The future of solving network management interoperability issues could lie within a company's very e-business infrastructure. CTOs and other company decision-makers should be on the lookout for technology that is capable of drawing a direct correlation between the actions of an IT staff and a working business plan, and vice versa.

"If you could correlate peaks and spikes and understand what dollars were pushed through which transactions, the IT staff will begin to do business-impact analysis," says analyst Steve Foote, CEO of Enswers.com, in Boston.

HP OpenView -- a favorite among network administrators because of its management platform "building block" attributes, including installation ease and extensibility -- offers HP OpenView VantagePoint to address the enterprise dilemma.

HP OpenView VantagePoint, which runs on Unix or Microsoft Windows NT/2000, is a suite of business-centric IT management products designed to translate business services through three models of intelligence: Instant Intelligence, Active Intelligence, and Business Driven Intelligence.
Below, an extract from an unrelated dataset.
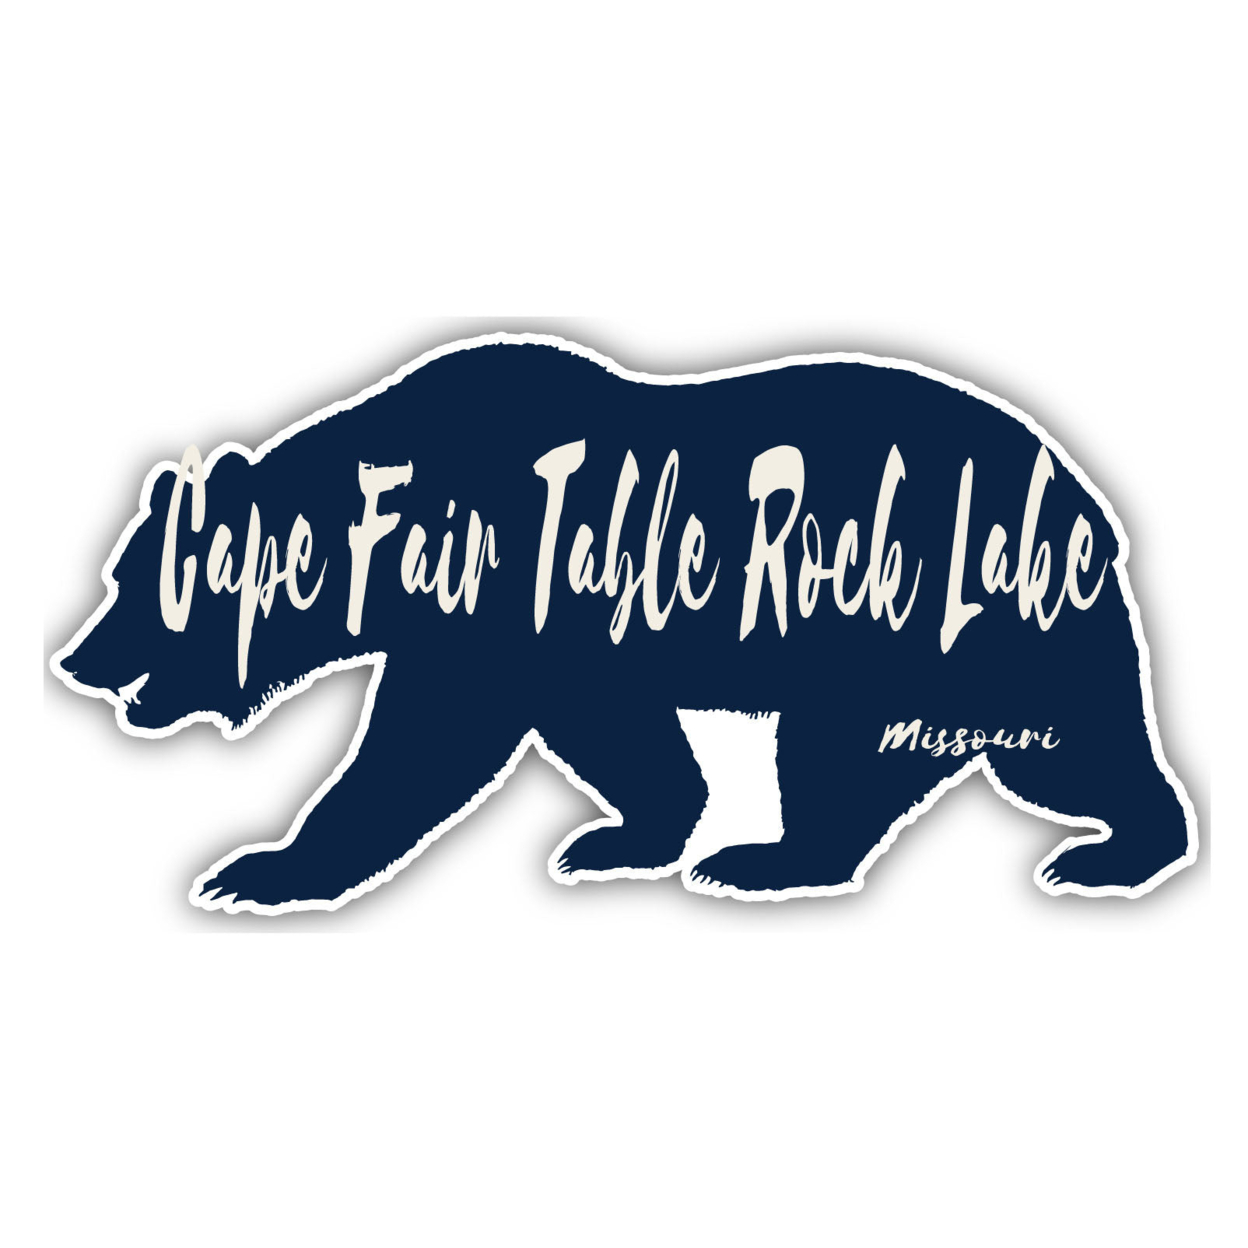 Cape Fair Table Rock Lake Missouri Souvenir Decorative Stickers (Choose Theme And Size) - 4-Pack, 6-Inch, Bear
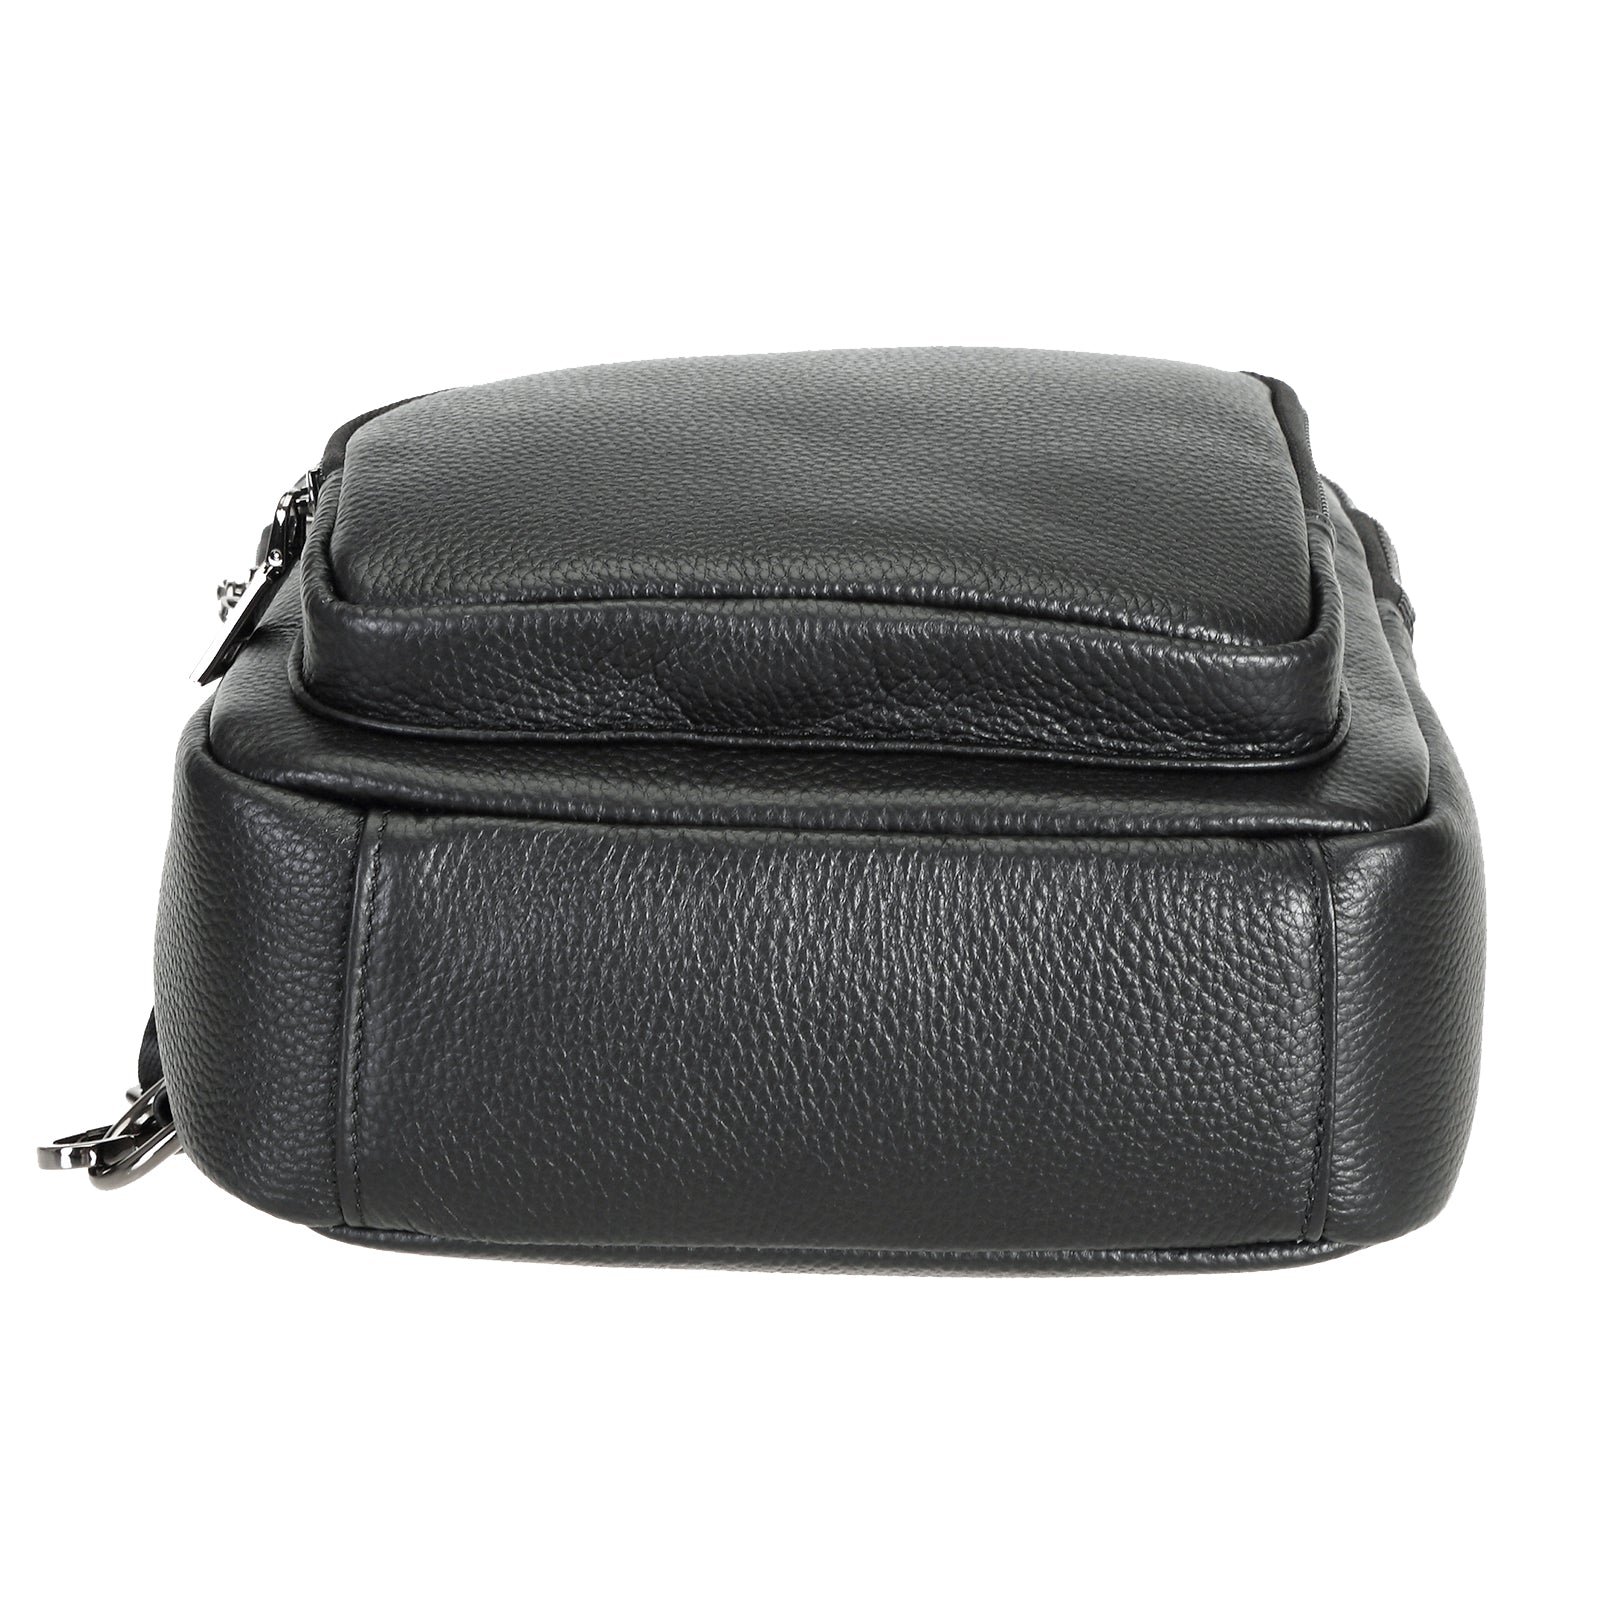 Polare Cowhide Leather Sling Bag Waterproof Crossbody Casual Daypack (Black,Bottom)

The models examine visibility, problem notification and solving, and business rules, respectively.

However, a plethora of information is only useful if it can be correctly applied to a company's overall business plan. E-business models are no different.

E-commerce may not show any signs of slowing down, but CTOs still should not feel pressured to succeed now at the sacrifice of an unpredictable future, particularly when it comes to the backbone of their operation. Keeping a watchful eye on the changes in the industry and possessing enough flexibility to implement new features or technologies should lead to a stable management system, both in and out of the digital landscape.